▽
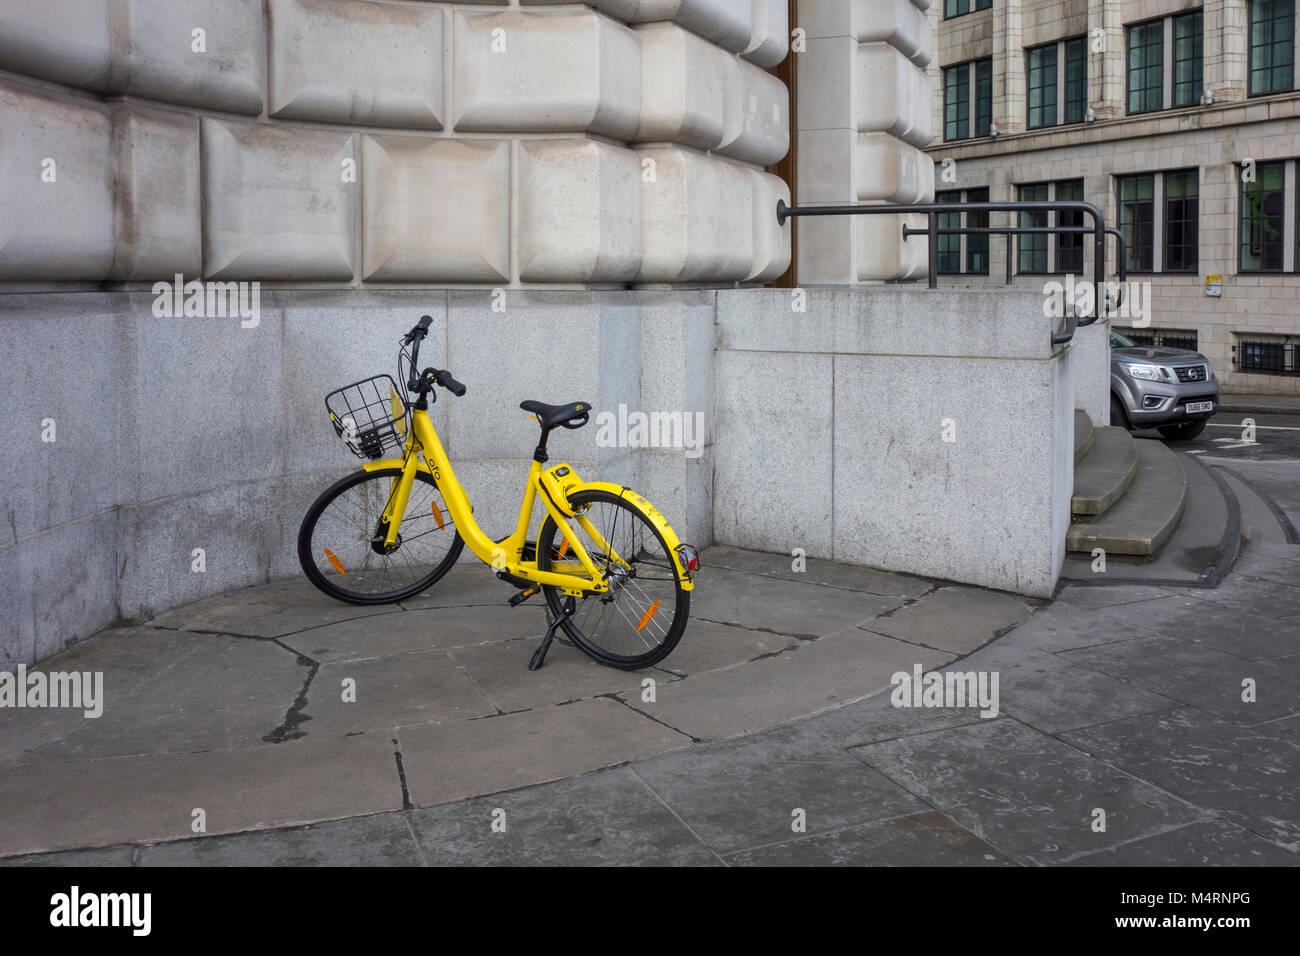 Amarillo Ofo alquilar moto estacionada fuera de una oficina en Londres, Reino Unido Imagen De Stock
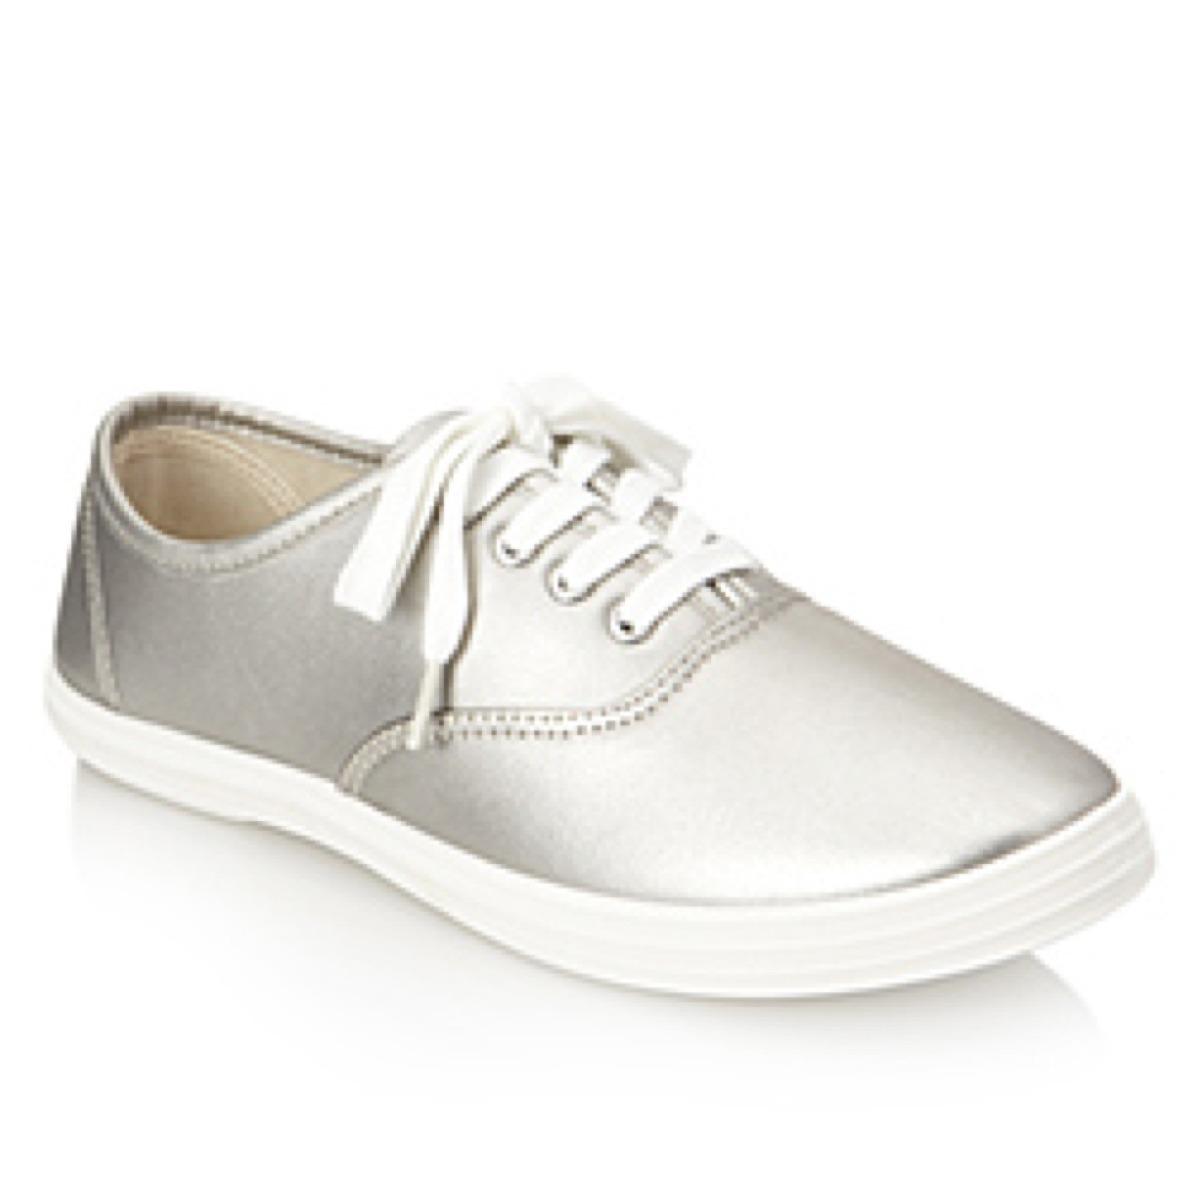 Zapatos Mercadolibre Venezuela Newhairstylesformen2014 Com
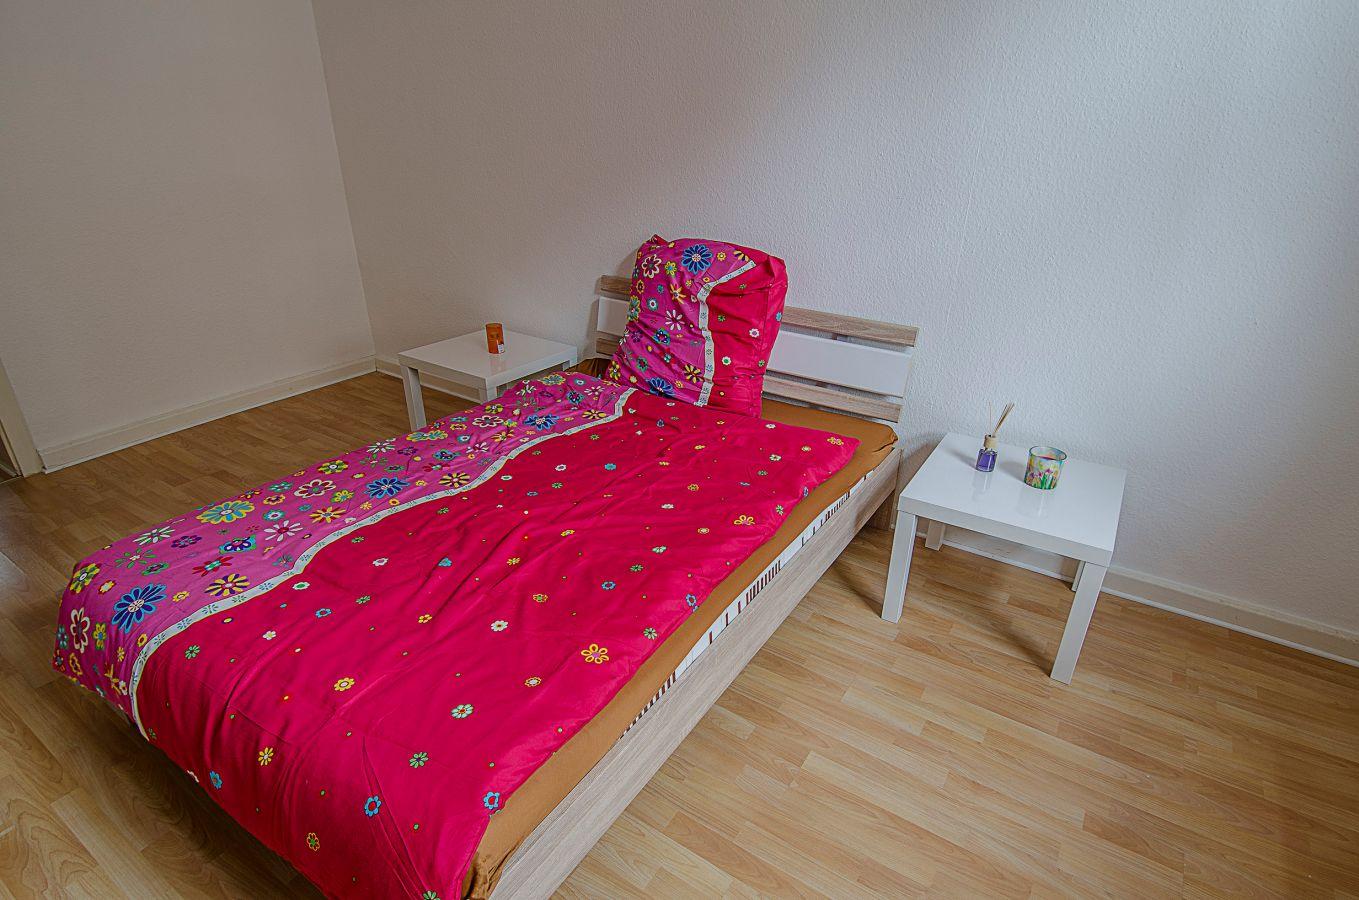 Fotos Bilder von Top Wohnung Vermietung von Arbeitswohnungen für Shemales Transen TS TV Ladies in Düsseldorf Zentrum
△
→ **WHAT TO DO**: From the line containing "Zapatos Mercadolibre Venezuela" to the final line above, both included, transcribe every line exactly and leave all pictures out.

→ **EXERCISE SOLUTION**:
 Zapatos Mercadolibre Venezuela Newhairstylesformen2014 Com
 Fotos Bilder von Top Wohnung Vermietung von Arbeitswohnungen für Shemales Transen TS TV Ladies in Düsseldorf Zentrum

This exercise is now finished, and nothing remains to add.